On the Friday, the Unison branch and local anticuts groups organised an online rally with over 450 people attending. Unison general secretary Dave Prentis spoke saying that Unison wouldn’t pull its punches just because this was a Labour Council.

It is galling for the unions affiliated to Labour to be paying money to a party that then turns around and treats their members like this – but that is the reality of Labourism. Labour isn’t a class struggle party, it is an electoral party to manage capitalism. Local government is an arm of the capitalist state charged with running local services and amenities to maintain the population so they can be effectively exploited by the capitalist class.

Of course, it is better to have a Labour council which can be subjected to influence by members and trade unionists, compared to a Conservative one, but a Labour run council will ultimately make similar choices to a Tory one given the same economic pressures.

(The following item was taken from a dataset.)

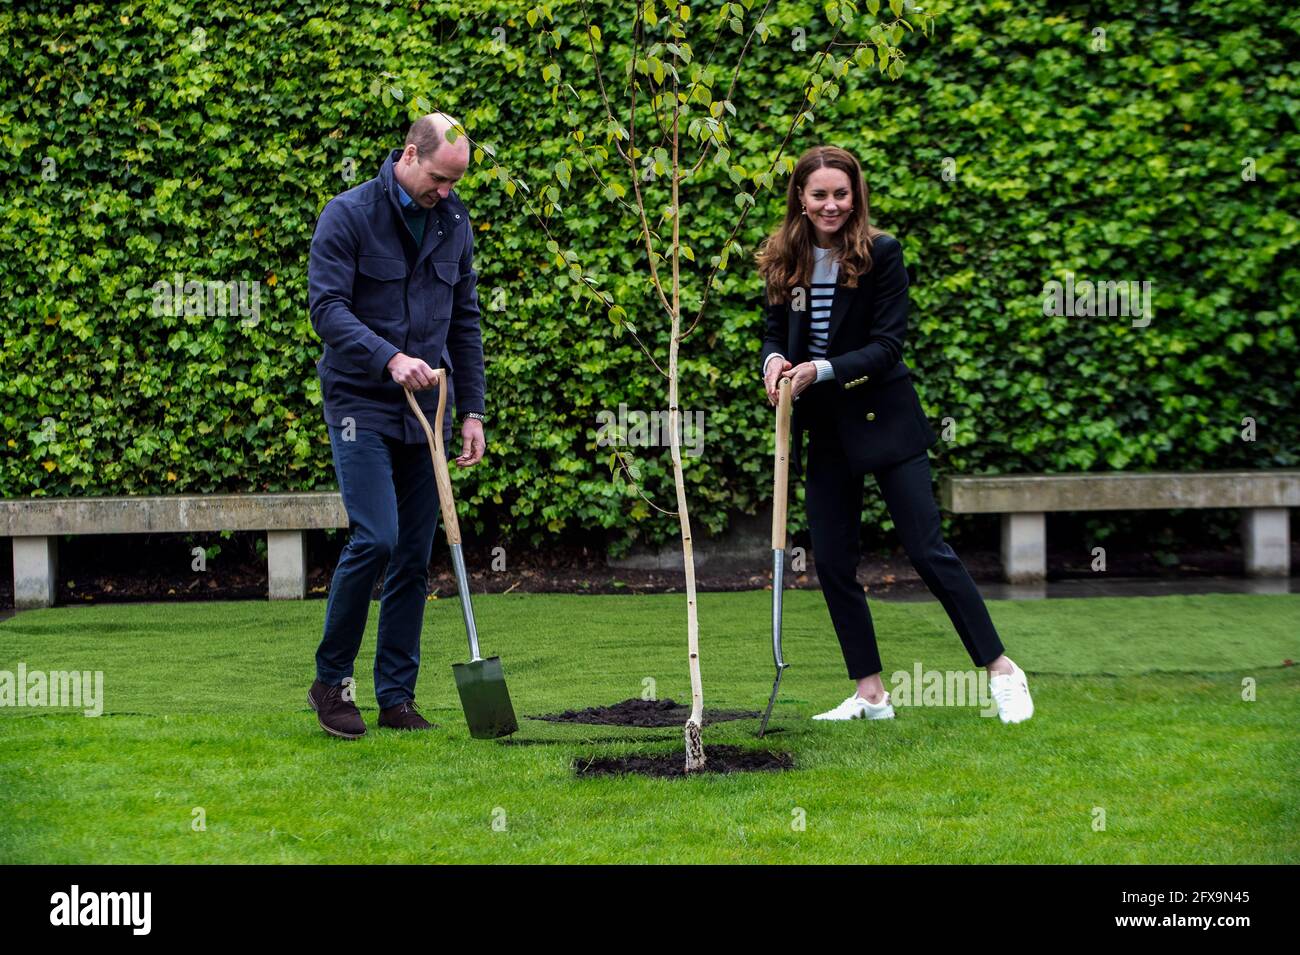 Der Herzog und die Herzogin von Cambridge Pflanzen bei einem Besuch der University of St Andrews einen Baum, um Studenten zu treffen und zu erfahren, wie sie und die Universität einander durch die COVID-19-Pandemie unterstützt haben. Bilddatum: Mittwoch, 26. Mai 2021. Stockfoto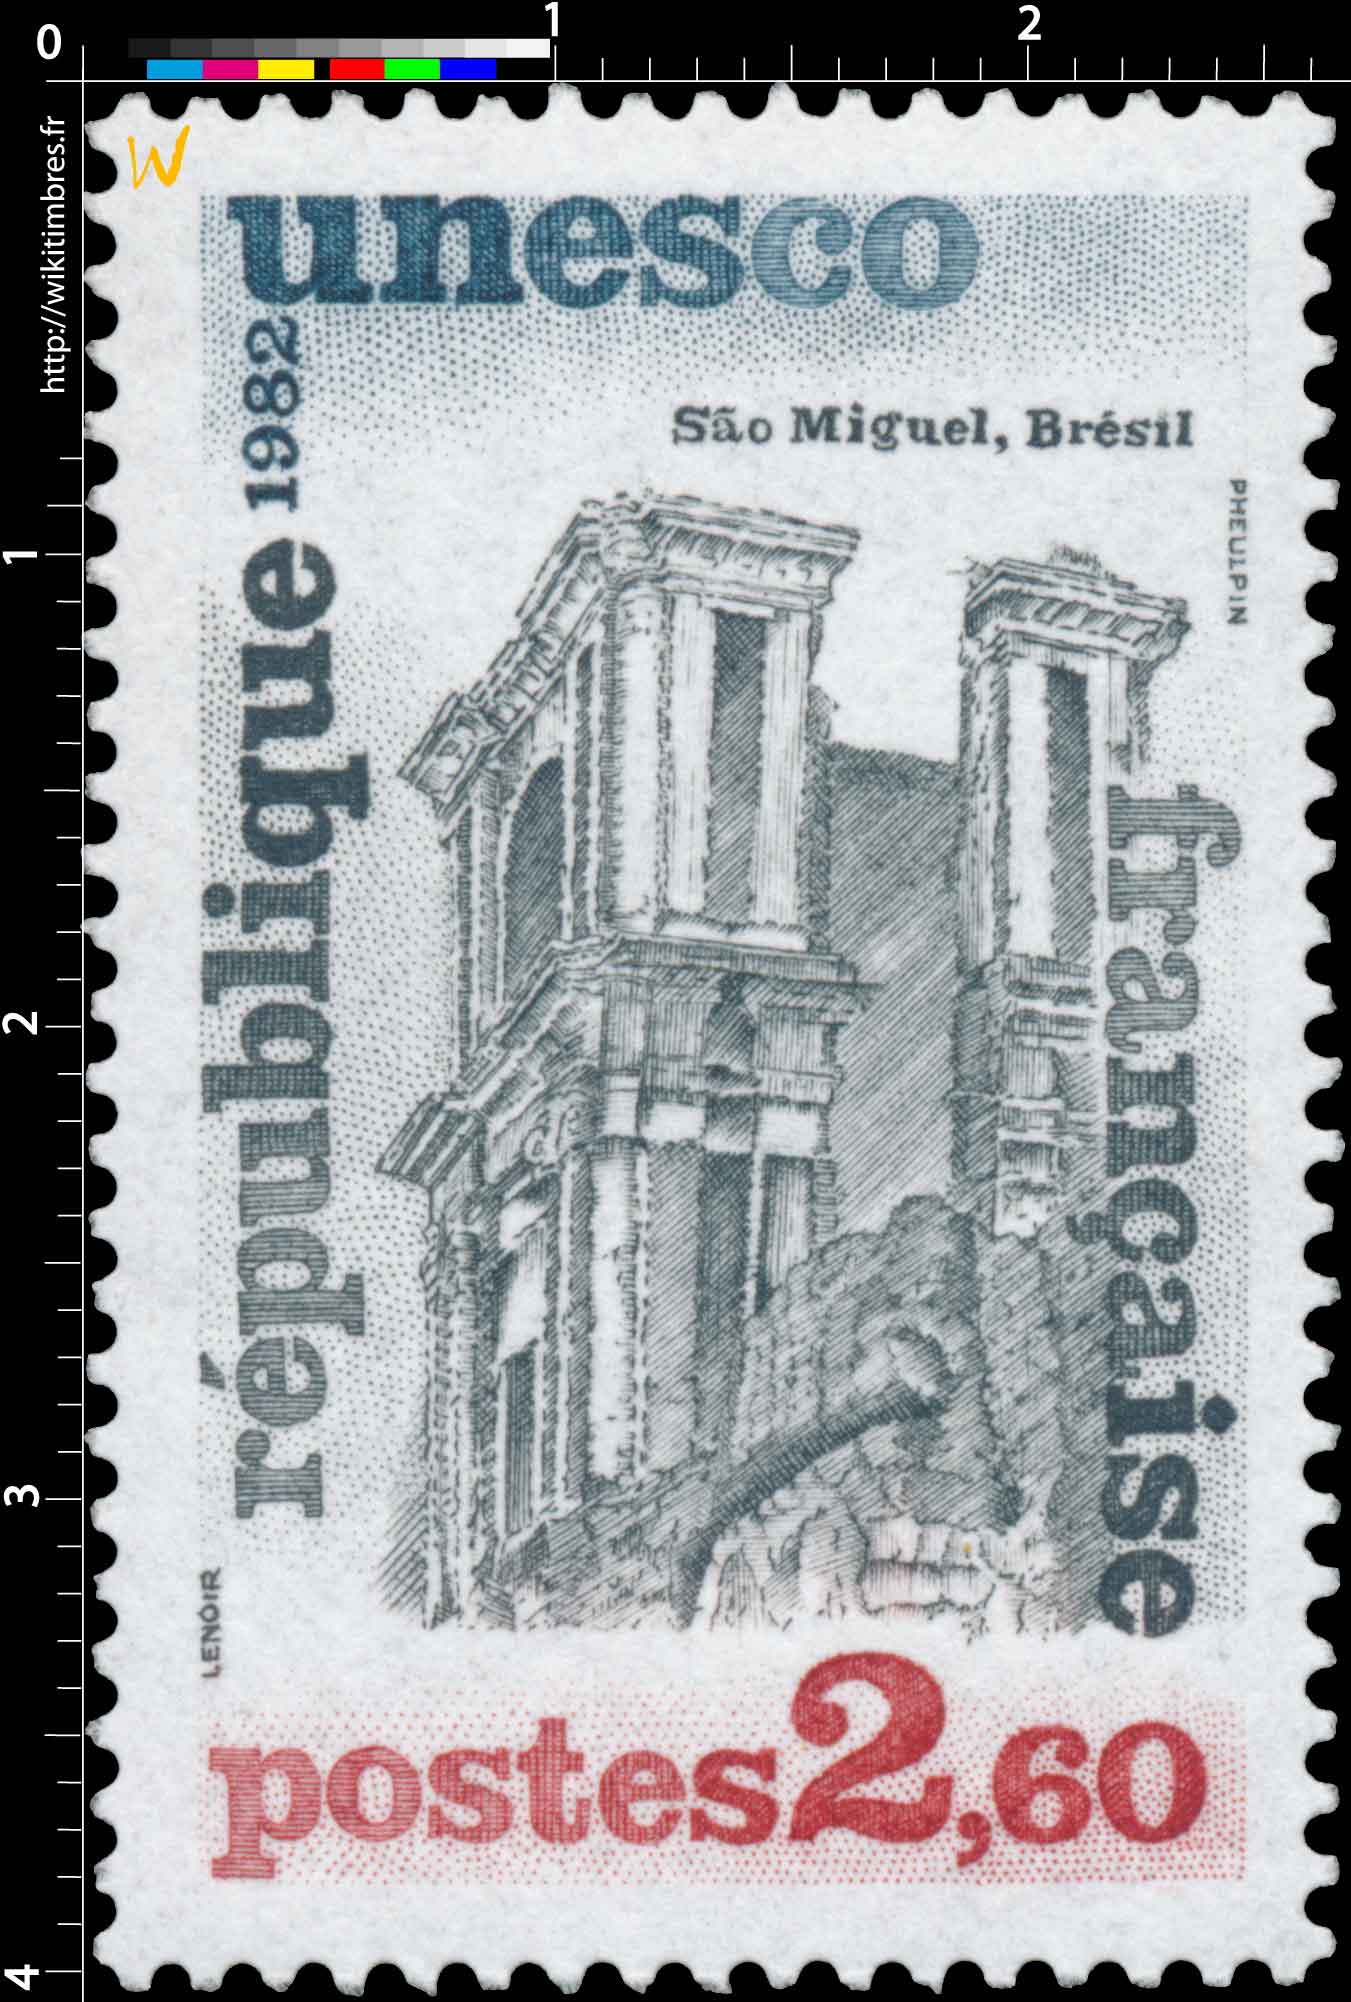 1982 Unesco Sâo Miguel, Brésil

The last time there was any serious opposition from Labour in local government was in the 1980s and that period is derided as ‘loony left’ and ‘gesture politics’ – for Labour councillors today the serious business of politics is passing on cuts and facing down the unions and community campaigners if they have to. Some of them doing it reluctantly, others relish it.   

Tower Hamlets management are now pressuring staff to sign the new contracts, any that don’t will be out of a job. Unison has threatened more days of strike action on 14-16 July.

Workers are particularly furious that they are being treated like this in the middle of a pandemic where front line council staff have been risking their lives to assist with public health and keeping vital services functioning. One said of the council management, ‘First they clap us, then they slap us.’

The only response to this assault is to build the strike, using effective action including secondary picketing to draw out more sections of workers, and organizing a strike committee of elected delegates from the workforce to oversee negotiations and determine the conduct of the strike.

The use of the police to intimidate strikers shows the need for the trade unions to organize picket-line defence groups to protect striking workers.

Labour Party members should organize a mass solidarity demonstration and help beat back this attack which will only accelerate the destruction of local services and weaken the working class resistance to the developing economic crisis.